Ridley Scott's "Blade Runner"

1982

 

The 1982 science fiction film Blade Runnerstarring Harrison Ford and directed by Ridley Scott, loosely based on the novel Do Androids Dream of Electric Sheep? by Philip K. Dick, depicted a dreary, rainy, and polluted Los Angeles in 2019. In the film genetically manufactured, bioengineered biorobots called replicants—visually indistinguishable from adult humans—are used for dangerous and degrading work in Earth's "off-world colonies."  After a minor replicant uprising, replicants are banned on Earth; and specialist police units called "blade runners" are trained to hunt down and "retire" (kill) escaped replicants on Earth.

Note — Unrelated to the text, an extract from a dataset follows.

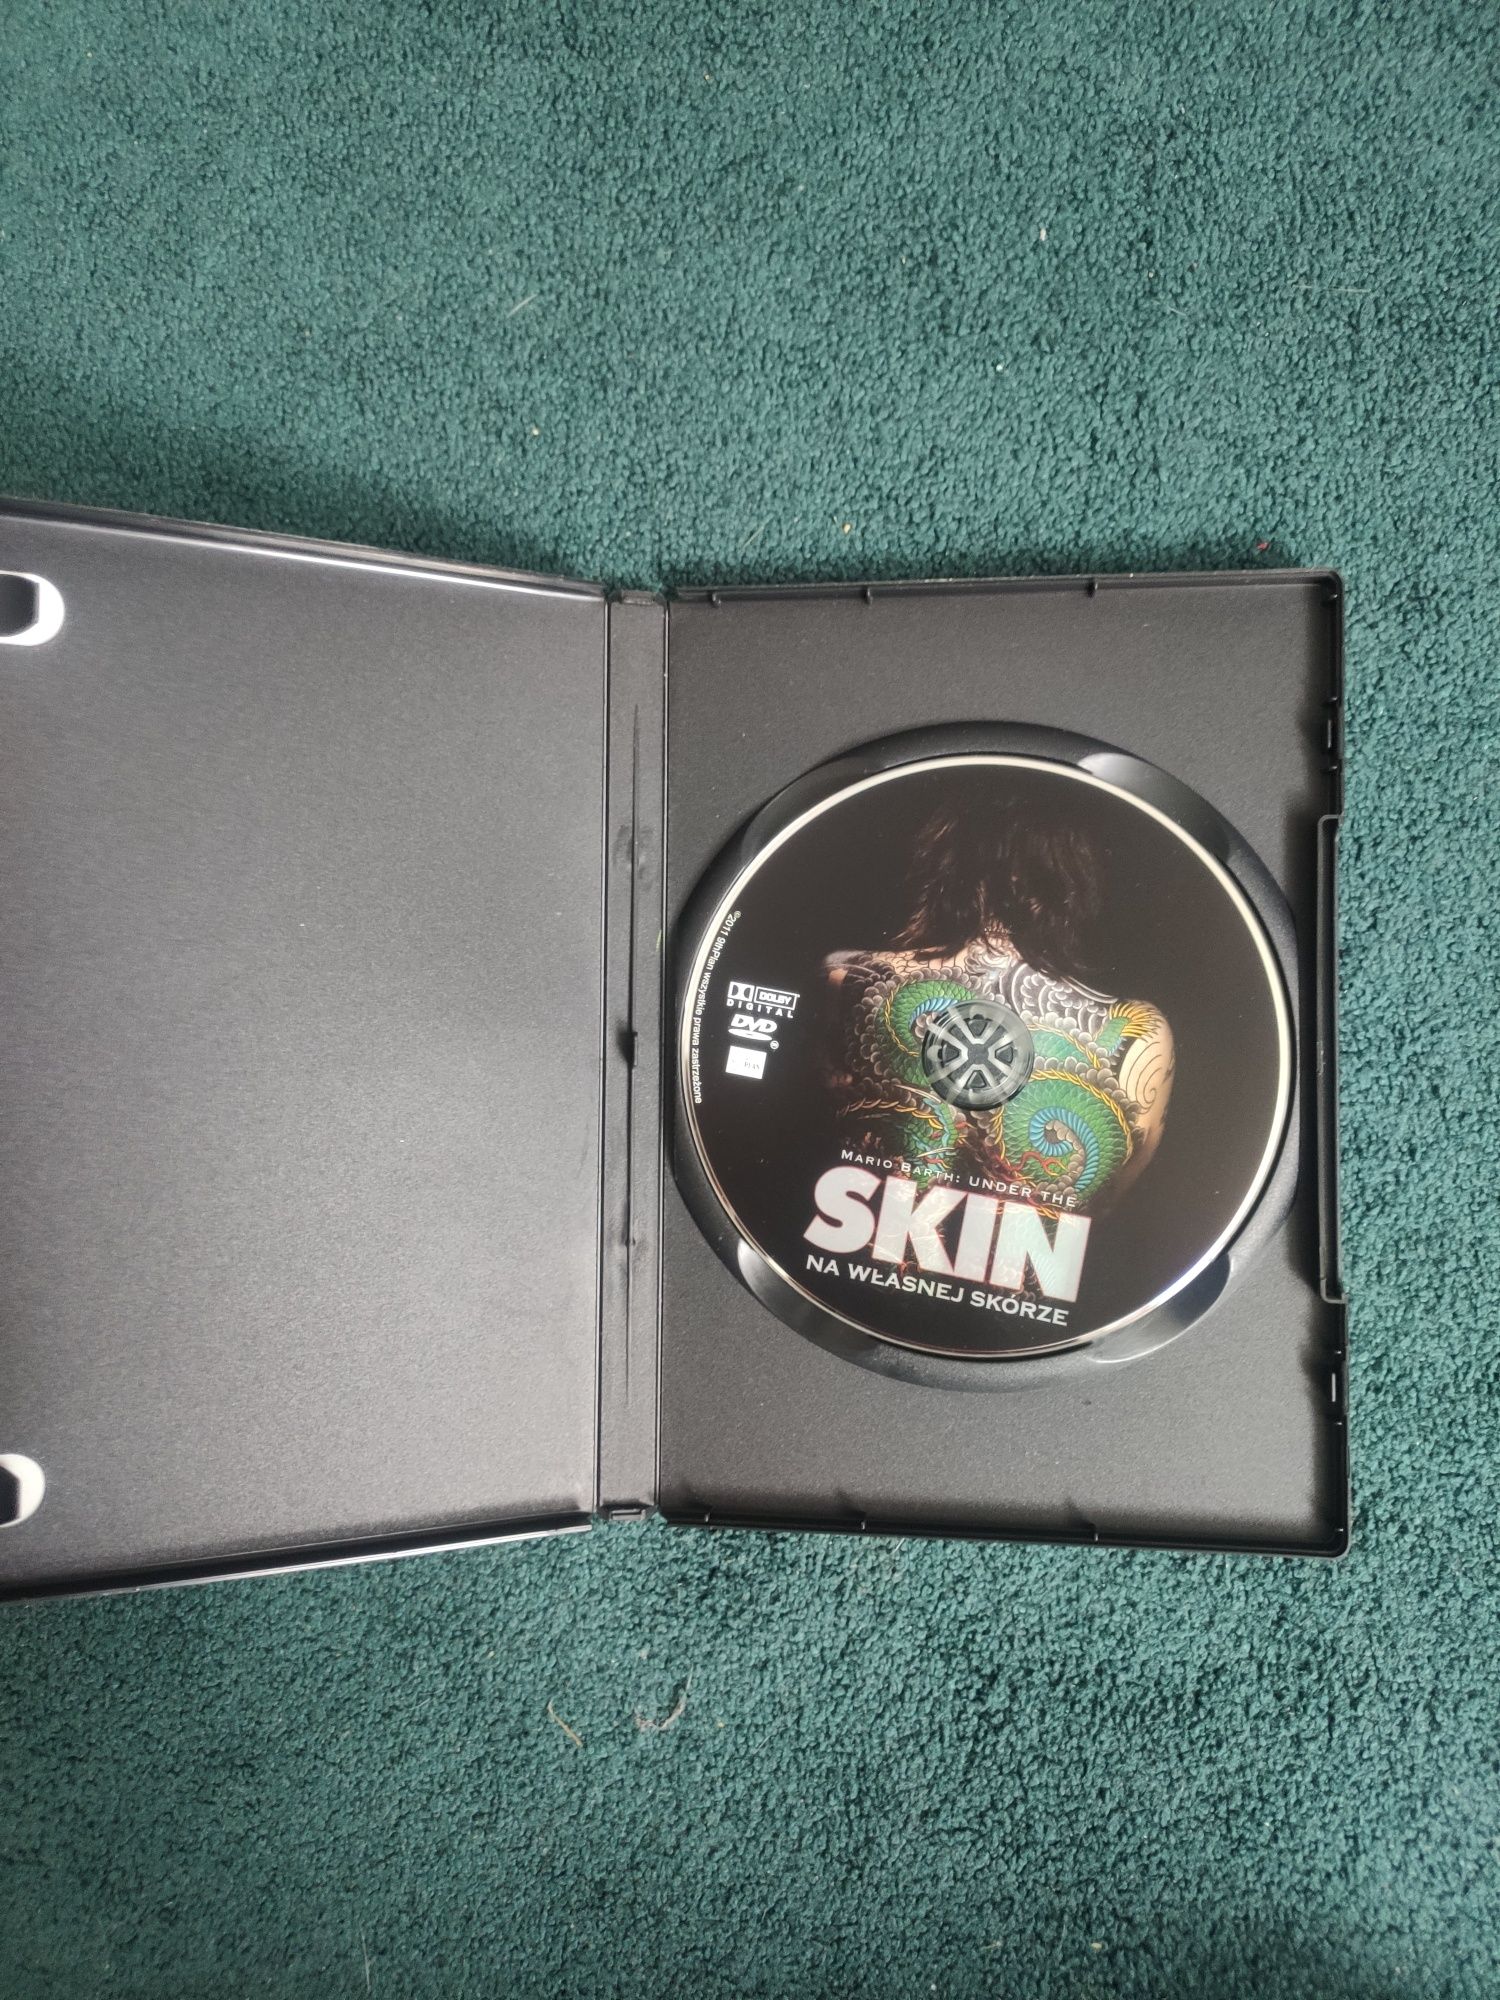 DVD Film Skin Tattoo

The film, which  became a cult classic for many reasons, including its unique sets, lighting, costumes and visual effects, is considered the last great science fiction film in which the special effects were produced entirely through analog, rather than digital or computer graphics methods, using elaborate model-making, multiple exposures, etc.

Scott's original director's cut of the film was first issued as a DVD in 1999. In 2007 the so-called "Final Cut" with a great deal of supplementary material, including three previous versions of the film, and a "definitive" documentary, even longer than the original film, was issued on DVD and Blu-ray. The documentary, and the collection of versions of the film, presented a superb opportunity to gain insight into way that Ridley Scott created a film.